I’m finally finished with a nice, long research paper (in Arabic!) and some trip planning, alhamdullilah. Eight days of classes left.
Two-and-a-half weeks ago I had the unbelievable opportunity to visit three Palestinian refugee camps in and around Amman in the company of top officials at the United Nations Relief and Works Agency for Palestine Refugees in the Near East (UNRWA), which oversees education, health care, social services and other aid to millions of Palestinian refugees in the West Bank, the Gaza Strip, Jordan, Lebanon and Syria (thanks, Uncle Frank!). UNRWA mainly dispenses services to Palestinian refugees from 1948 and 1967 who live in the aforementioned areas, a third of whom reside in 58 refugee camps.

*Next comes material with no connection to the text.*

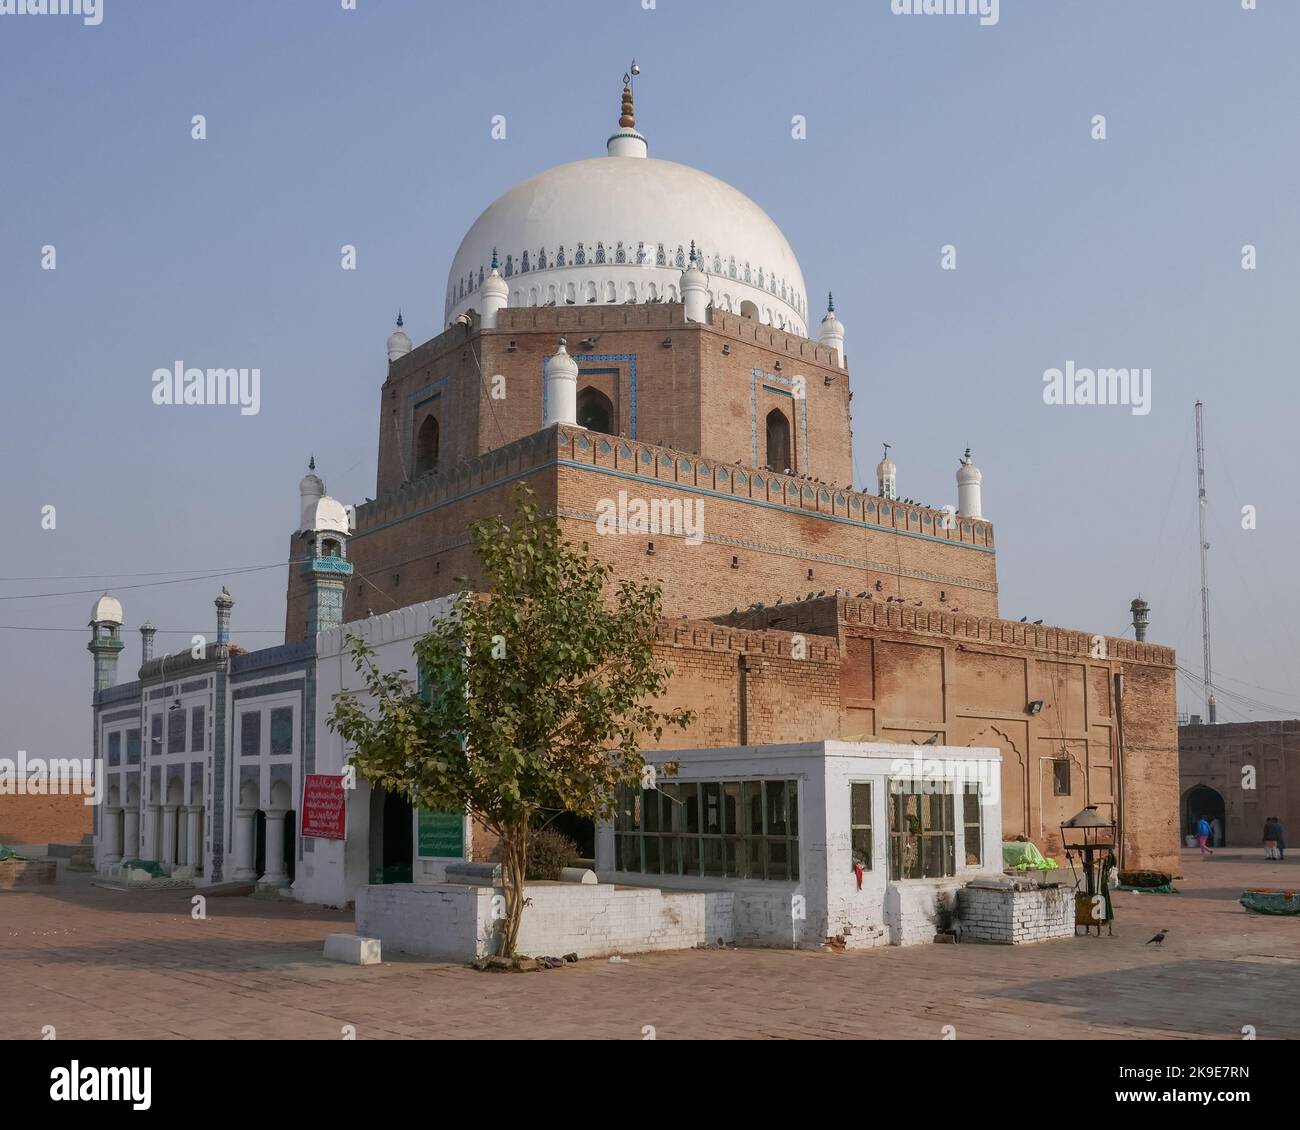 Vista panoramica del bellissimo mausoleo medievale e santuario dell'uomo santo musulmano Bahauddin Zakariya, Multan, Punjab, Pakistan Foto Stock

Jordan treats its refugees very well relative to other host governments: those who fled to the West or East Banks of the Jordan River in 1948 and/or to the East Bank in 1967 enjoy full citizenship and rights here; as a result, about 50 to 70 percent of Jordan’s population consists of ethnic Palestinians. While Jordan is home to about 40 percent of Palestinian refugees (1.9 million), only 17 percent of Palestinians here live in the country’s 13 camps.
In a very official-looking, white UN van flanked by two white UN SUVs, our group of about six headed out to south Amman camp that I think was founded in 1967 (I forgot its name, but upon Googling, it appears that it might have been Wihdat, described below). There, we saw a dark, crumbling secondary school in which hundreds of girls studied in tiny classrooms so packed that the teachers often couldn’t walk through the aisles. A rented accommodation, the school was typical of many UNRWA facilities in which landlords are unwilling to address the poor state of the building they rent. While we were in the school’s small computer lab, a (really gutsy) girl jumped up in front of us and launched into a speech about how much she appreciated the school and how she was worried because she had heard UNRWA was cutting programs (not true).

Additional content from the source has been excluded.